Nina Totenberg
The U.S. Supreme Court has turned away a challenge to New York state’s vaccine mandate for health care workers — a mandate that provides no exceptions for religious objectors. The vote was 6-3.
This was the second time the court has refused to block such a state vaccine mandate for health care workers. As in an earlier case from Maine, New York provides only one exemption from the mandate, and that is a narrow medical exemption for those who have suffered a severe allergic reaction after a previous dose of the vaccine or a component of the COVID-19 vaccine.
That is the standard recommended by the CDC after finding that vaccines are safe for immunocompromised people, pregnant women and people with underlying conditions.
The six-justice majority included the court’s three liberals and three of its conservative justices, too — Justices Brett Kavanaugh, Amy Coney Barrett and Chief Justice John Roberts.
They wrote no opinion, simply turning aside an emergency request asking the court to block the law.
New York, like Maine before it, argued that the whole purpose of the mandate is to require high levels of compliance in order to protect patients from contagion and to stanch the pandemic as new variants arise.
The effectiveness of broad mandates like this are perhaps best illustrated by a spreadsheet provided by the city of New York. It shows that before the mandate 60% of those working for the Fire Department were vaccinated. As of this week, the percentage was 94%.

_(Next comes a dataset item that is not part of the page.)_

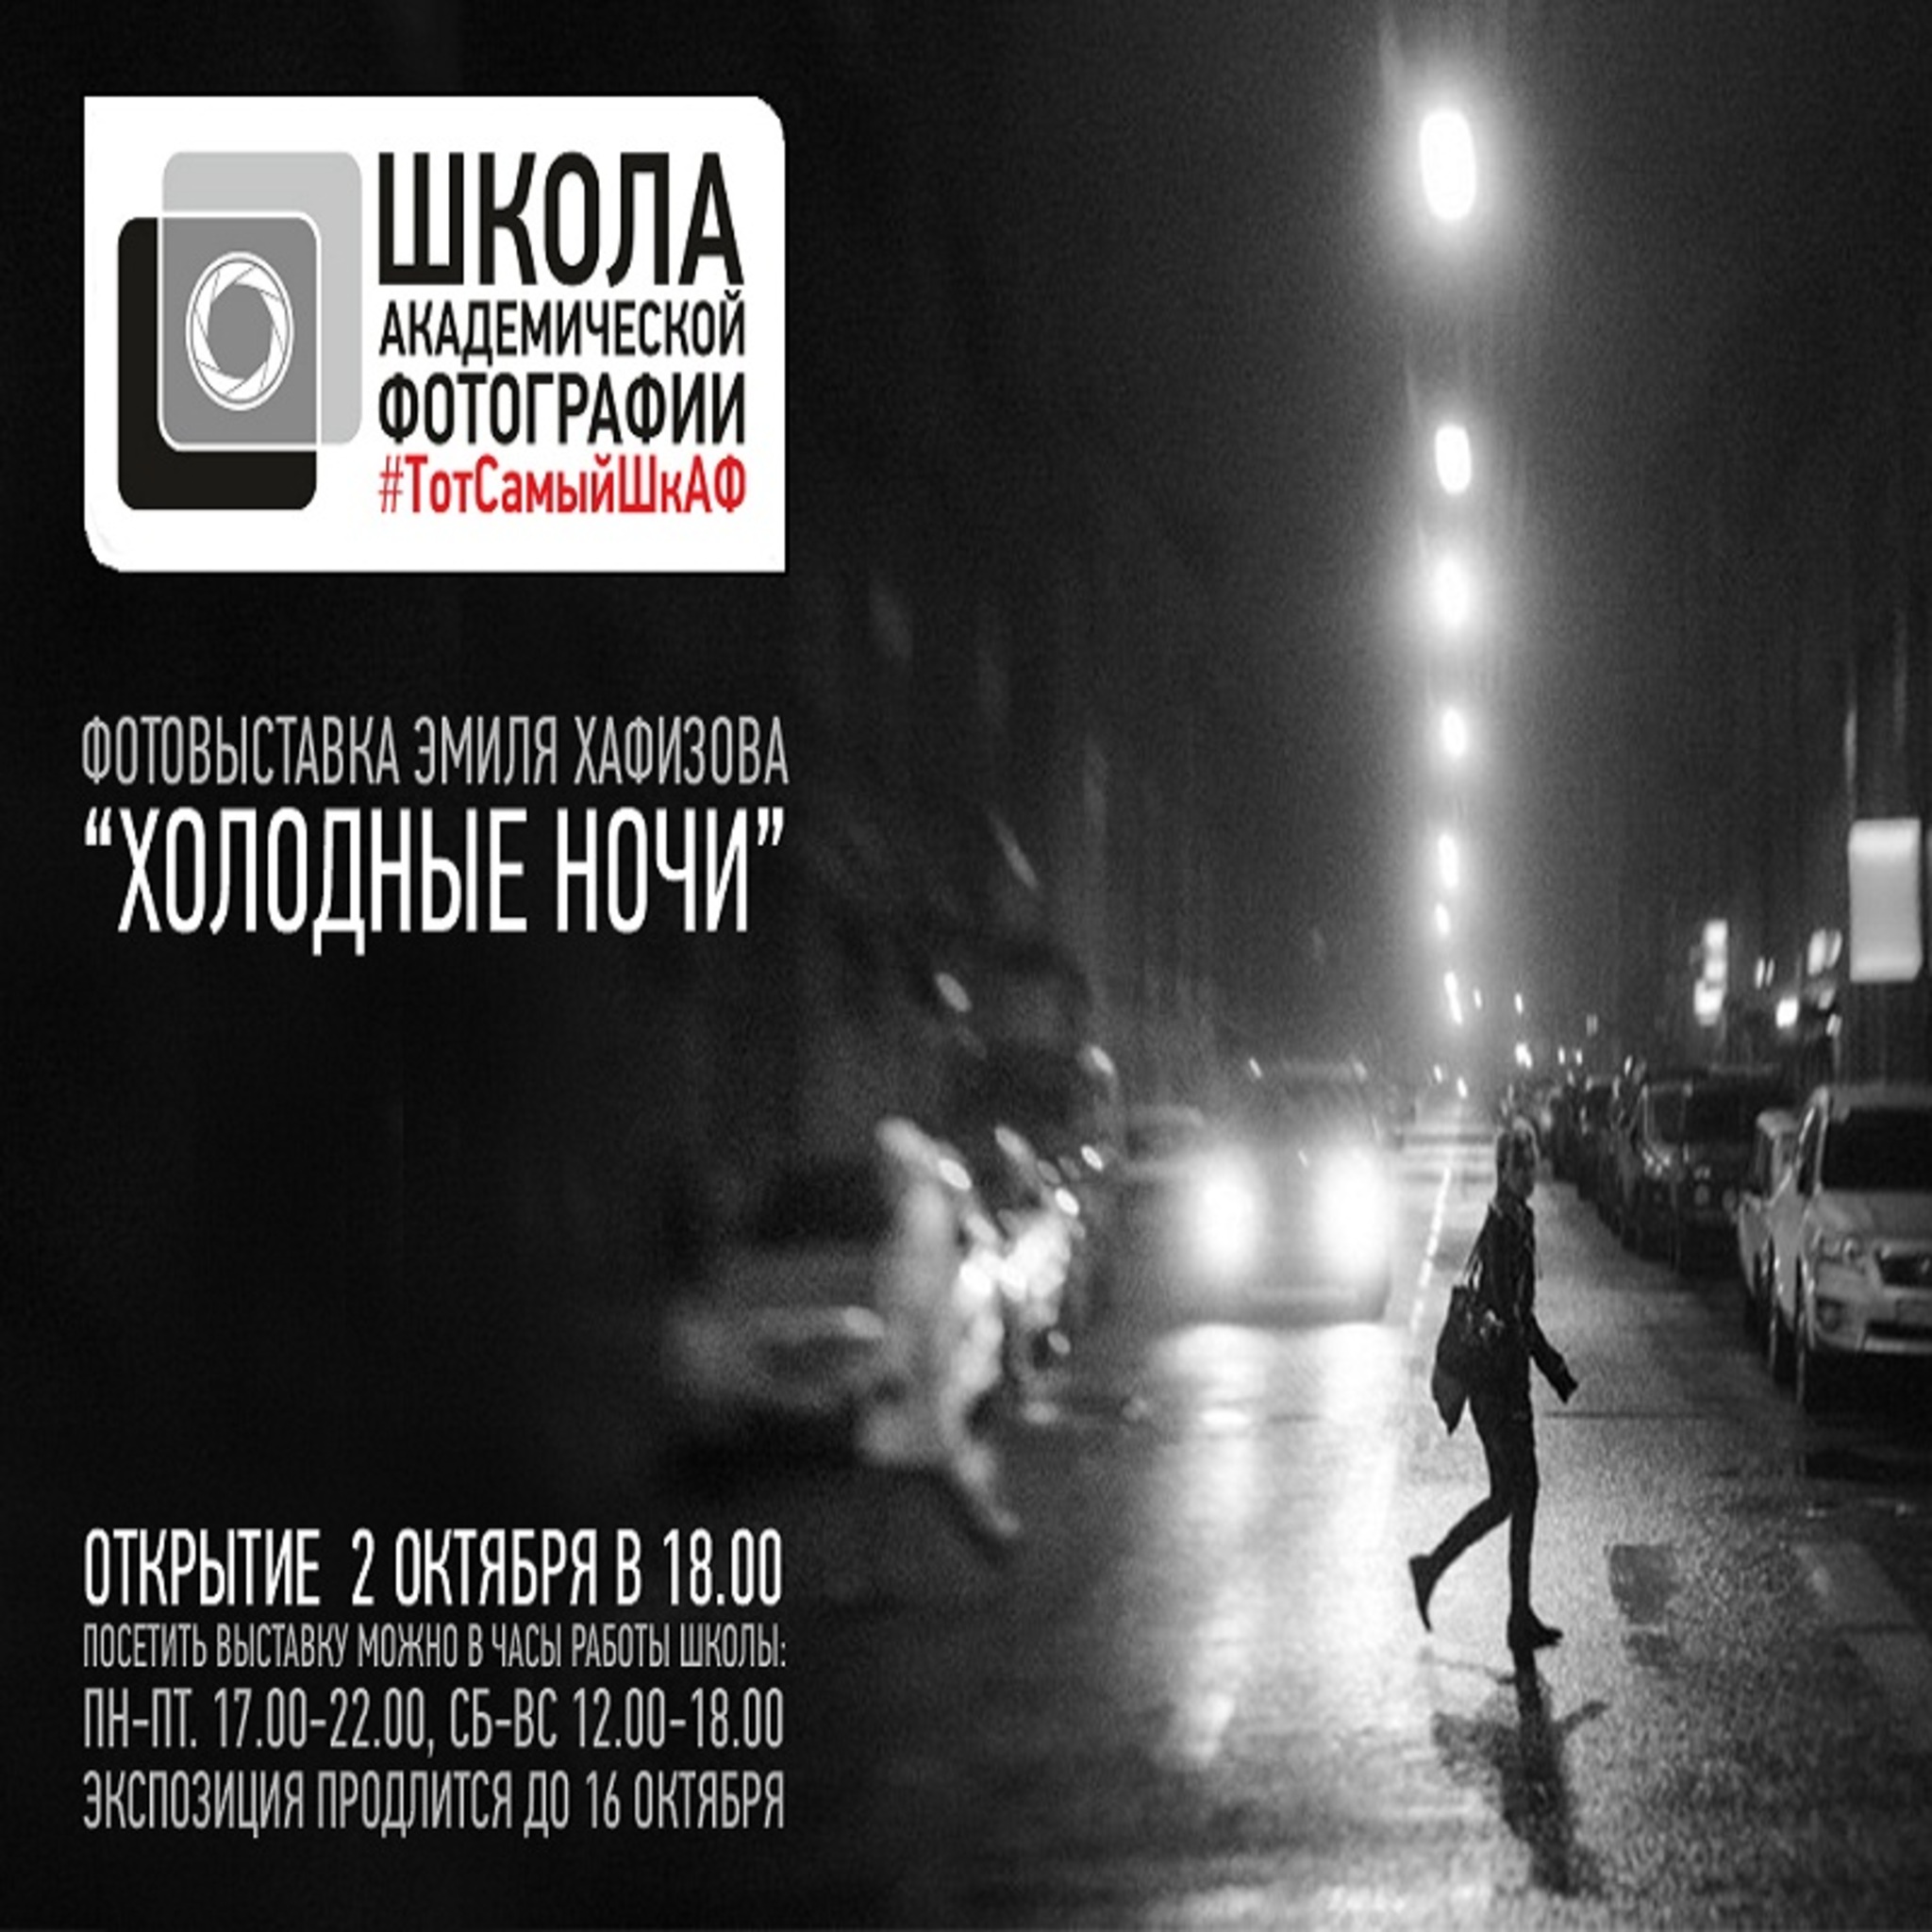 Photo exhibition Emile Khafizova Cold Night

In its brief, the state noted that the COVID-19 vaccination rules are the same as preexisting vaccine requirements for measles and rubella that have been in effect for decades.
The state agreed that where possible, federal law requires employers to provide reasonable accommodations for religious objectors, but it noted that does not require employers to offer objectors their preferred accommodation — namely a blanket religious exemption allowing them to continue working at their current positions unvaccinated.
Dissenting were Justices Clarence Thomas, Neil Gorsuch and Samuel Alito. Gorsuch, writing for himself and Alito, maintained that religious objectors are ineligible for unemployment compensation and that the state mandate “exudes suspicion of those who hold unpopular religious beliefs.”